■ YOUR OBJECTIVE ■
In the material below, find the line with "Medieval bridge, Ponte" and the line with "Paper jam |", then output both and every line between them exactly, omitting pictures.

■ THE DATA ■

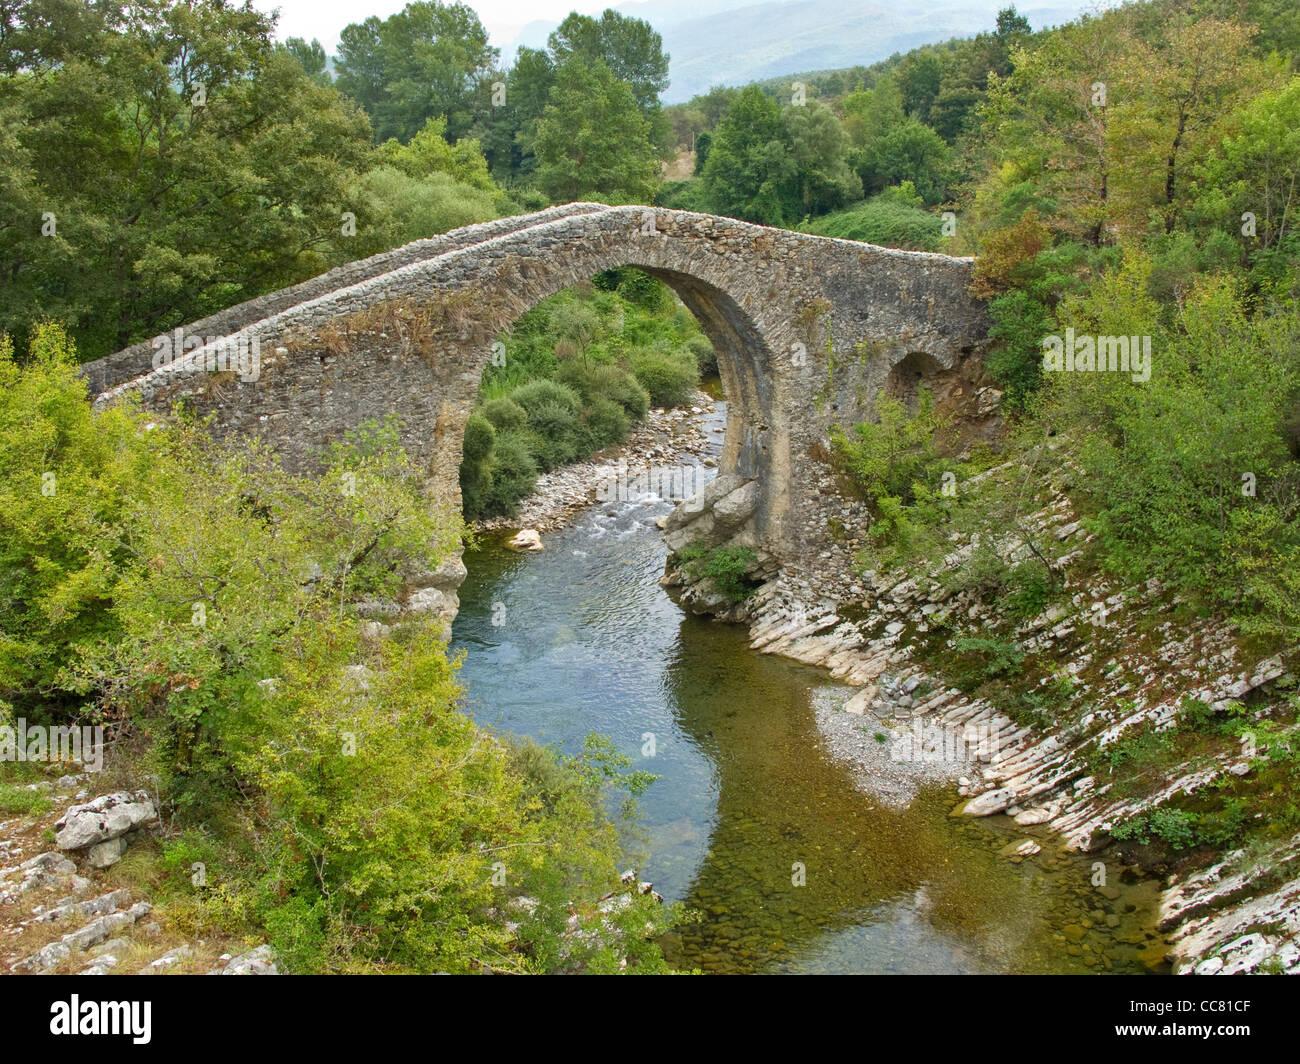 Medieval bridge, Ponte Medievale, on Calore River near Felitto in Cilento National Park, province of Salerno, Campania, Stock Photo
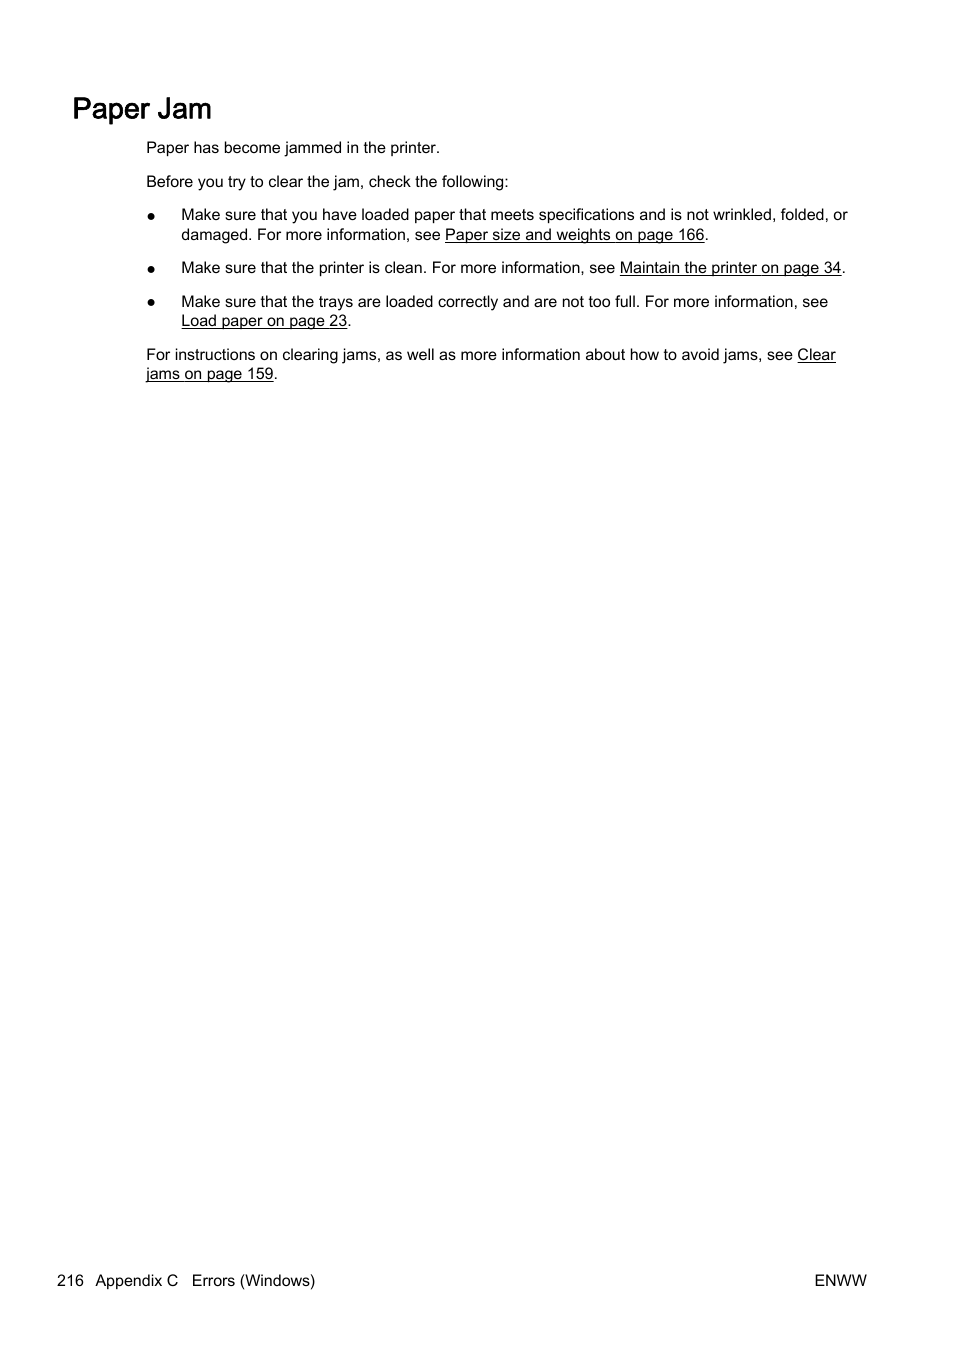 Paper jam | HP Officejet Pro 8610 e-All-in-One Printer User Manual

---

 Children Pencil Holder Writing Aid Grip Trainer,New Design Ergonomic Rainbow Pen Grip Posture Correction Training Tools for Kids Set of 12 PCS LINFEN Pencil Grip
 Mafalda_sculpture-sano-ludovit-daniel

■ ANSWER SECTION ■
 Medieval bridge, Ponte Medievale, on Calore River near Felitto in Cilento National Park, province of Salerno, Campania, Stock Photo
 Paper jam | HP Officejet Pro 8610 e-All-in-One Printer User Manual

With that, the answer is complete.